In his earlier years Maximilian was inclined to accept the Pierleoni descent. Later, he favored research that showed he was a descendant of the ancient Trojan kings through the Merovingians. The French kings claimed the same origin, but their line went through the Carolingian usurpers. Claiming a different version of the same line allowed Maximilian to present himself as the legitimate heir of the ancient kingdoms of Gaul and Germany, and provided a justification for his territorial expansion into France and Burgundy.
In 1649 French genealogist Jérôme Vignier advanced a new idea about the Habsburg origins. He based his theory on a manuscript fragment he found in Lorraine, but never produced the manuscript. He traced their ancestry back to Eticho, duke of Alsace in the 7th century, and from him back to Aega, _major domo_ of Clovis II in the 6th century.
At the time, this line had political implications. The Habsburgs were no longer the heirs of the ancient French kings, they were one branch of a subordinate family.

So it looks as though the French Merovingian descent back to the Trojans of Homer's "Iliad" set the pattern for the Habsburg descent, unless I am reading and understanding it wrong. Perhaps I am saying something more deep, without intending to sidetrack this thread topic, Sorry.


----------



## Silveryou (Dec 21, 2021)

Fawkes said:


> Perhaps I am saying something more deep, without intending to sidetrack this thread topic, Sorry.


That's ok.

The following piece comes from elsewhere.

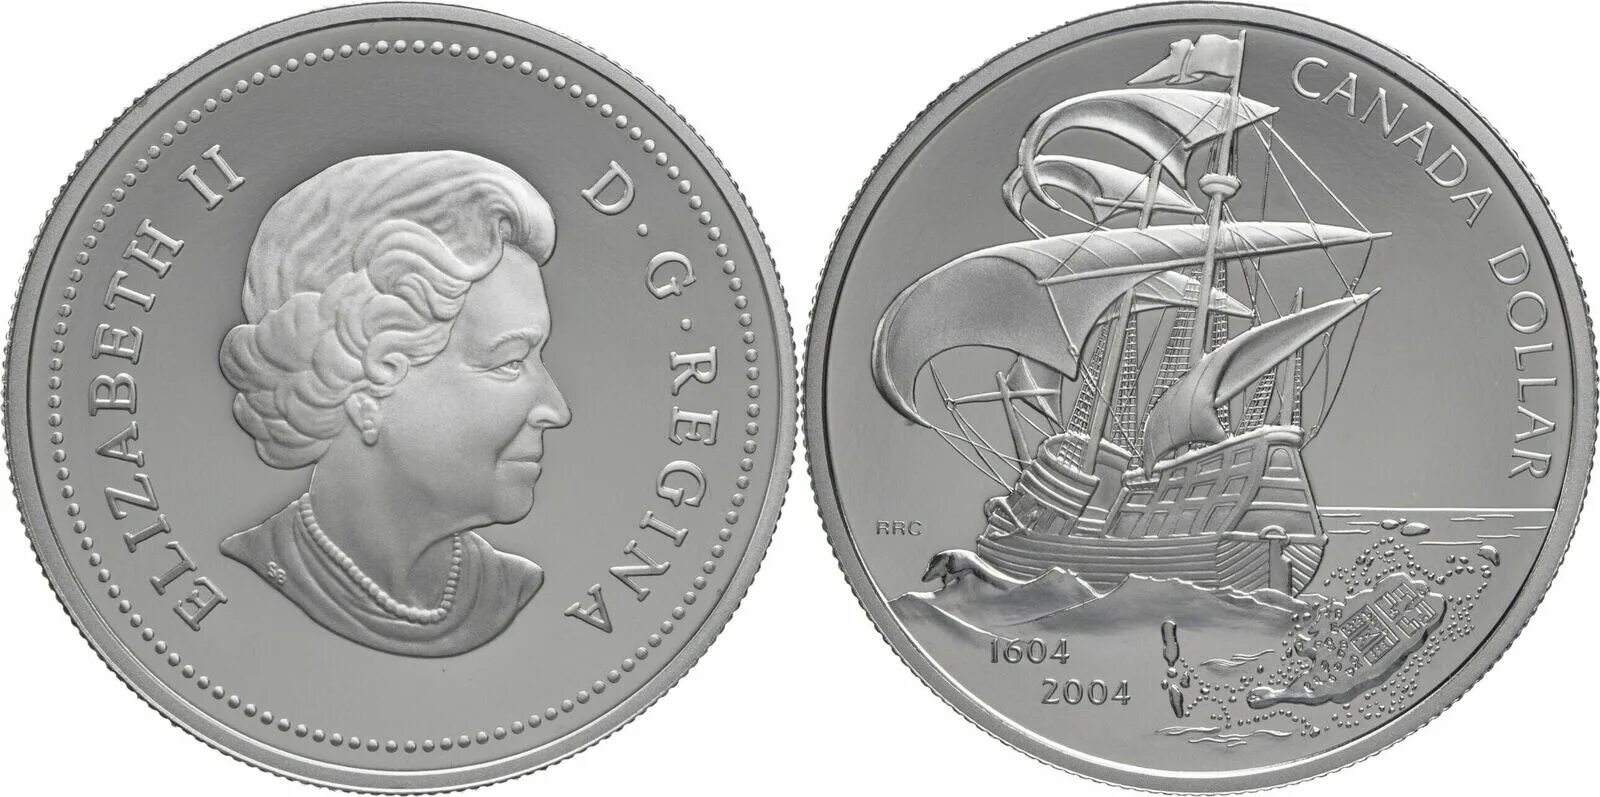 Монета памятная Elizabeth II nive one Dollar. B2 first

I see that words such as 'Hercules' and 'Troy' are clearly connected to the topic, but the thread is entirely about a relocation of the geography, the racial background of the peoples involved and the eventual language they spoke.

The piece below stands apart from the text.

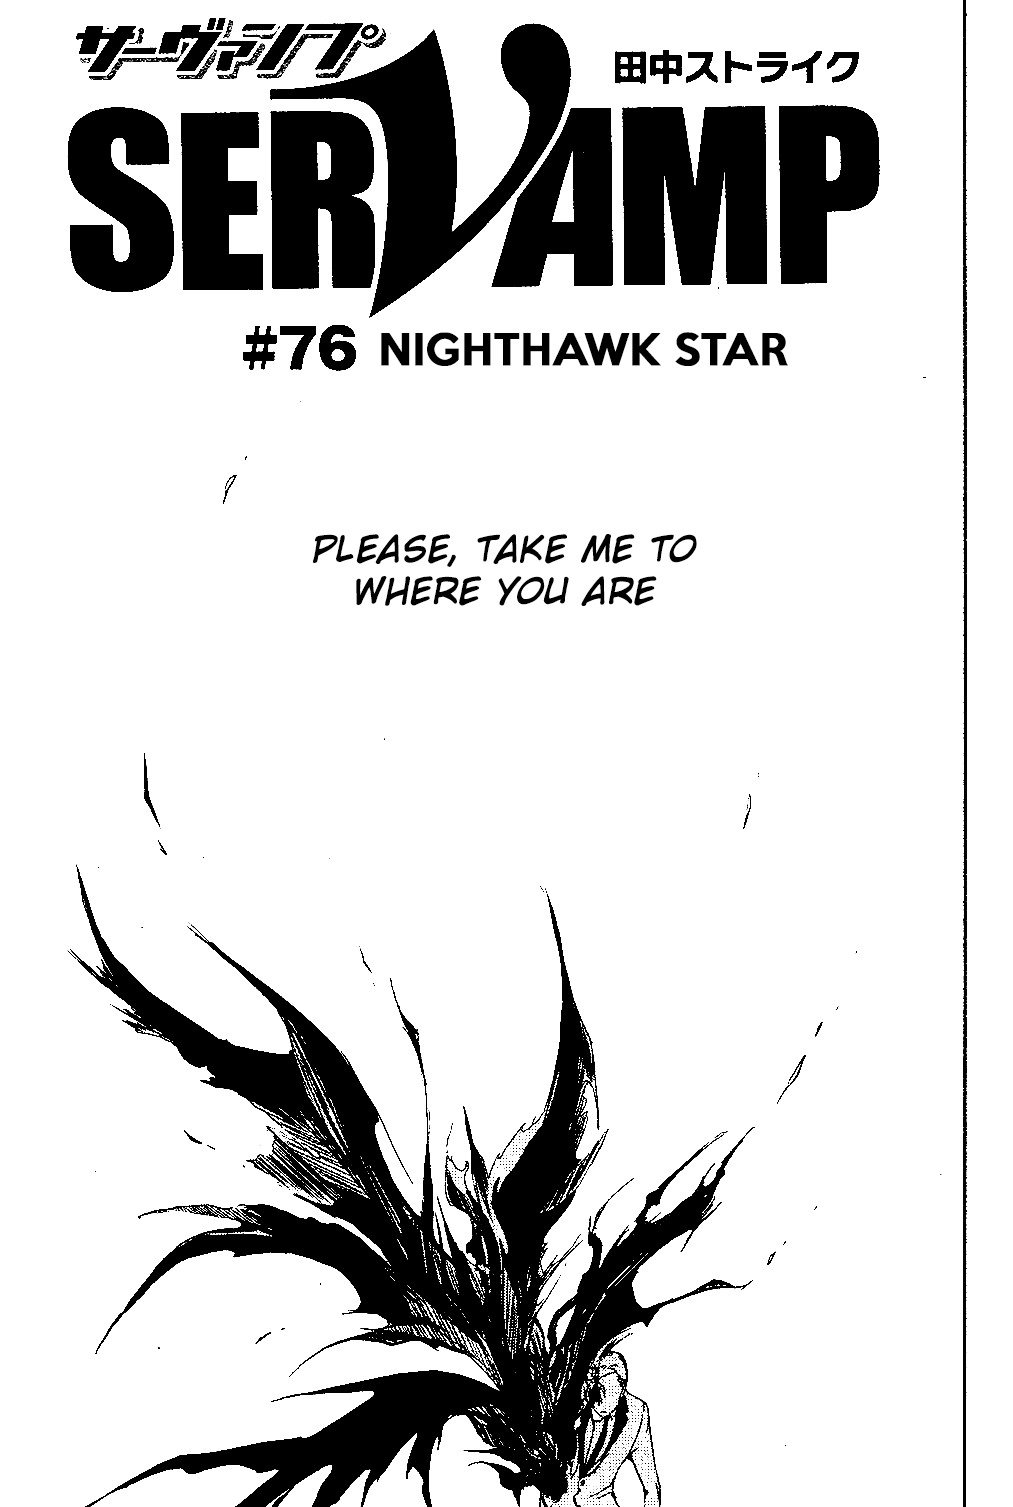 Servamp Vol. 13 Ch. 76 Nighthawk Star

Edit: and the time when these events really happened, of course.


----------



## Silveryou (Dec 22, 2021)

*Celtic Frost *(Celtic Frost):

After Felice Vinci "The Baltic Origins of Homer Epic Tales" , I received the competing book by Iman Jacob Wilkens "Where Troy Once Stood" .

Wilkens like Vinci therefore point to the Nordic origin of the Iliad and the Odyssey. In the end, there is nothing innovative about it. Professor Lasserre, French translator of the Iliad, considered that the Achaeans had invaded Greece from the north, taking with them the cults of the supreme god Zeus and the mother goddess, and had sacked Rome in 387 BC . In the official story, it was the Gauls who brought Rome to its knees, so Lasserre visibly identifies Homer's Achaeans with these Gauls. Herodotus was not citing the Achaeans, but the Pelasgians, like the invaders of Greece, who had changed the names of the cities, rivers and regions of the country to those of their country of origin.

Herodotus also distinguishes between the Achaeans and the Pelasgians. He also writes that the first inhabitants of Thrace were the Achaeans and Pelasgians. The territory of Thrace must therefore be larger than that of the Achaeans and Pelasgians.

I took the evidence to point to a character identity between Achaeans (blond) and Vikings, and assumed that the conflict took place perhaps a thousand years ago. Felice Vinci's location identifications did not make it possible to link the war in question to a known conflict. It was known that the Vikings had descended rivers from Russia to invade Eastern Europe and the Byzantine Empire, and that this explained the migration of the Vikings to Greece. It seems that both the Vikings and the Achaeans organized their raids against England (Wilkens' Troy), from Aulis as well.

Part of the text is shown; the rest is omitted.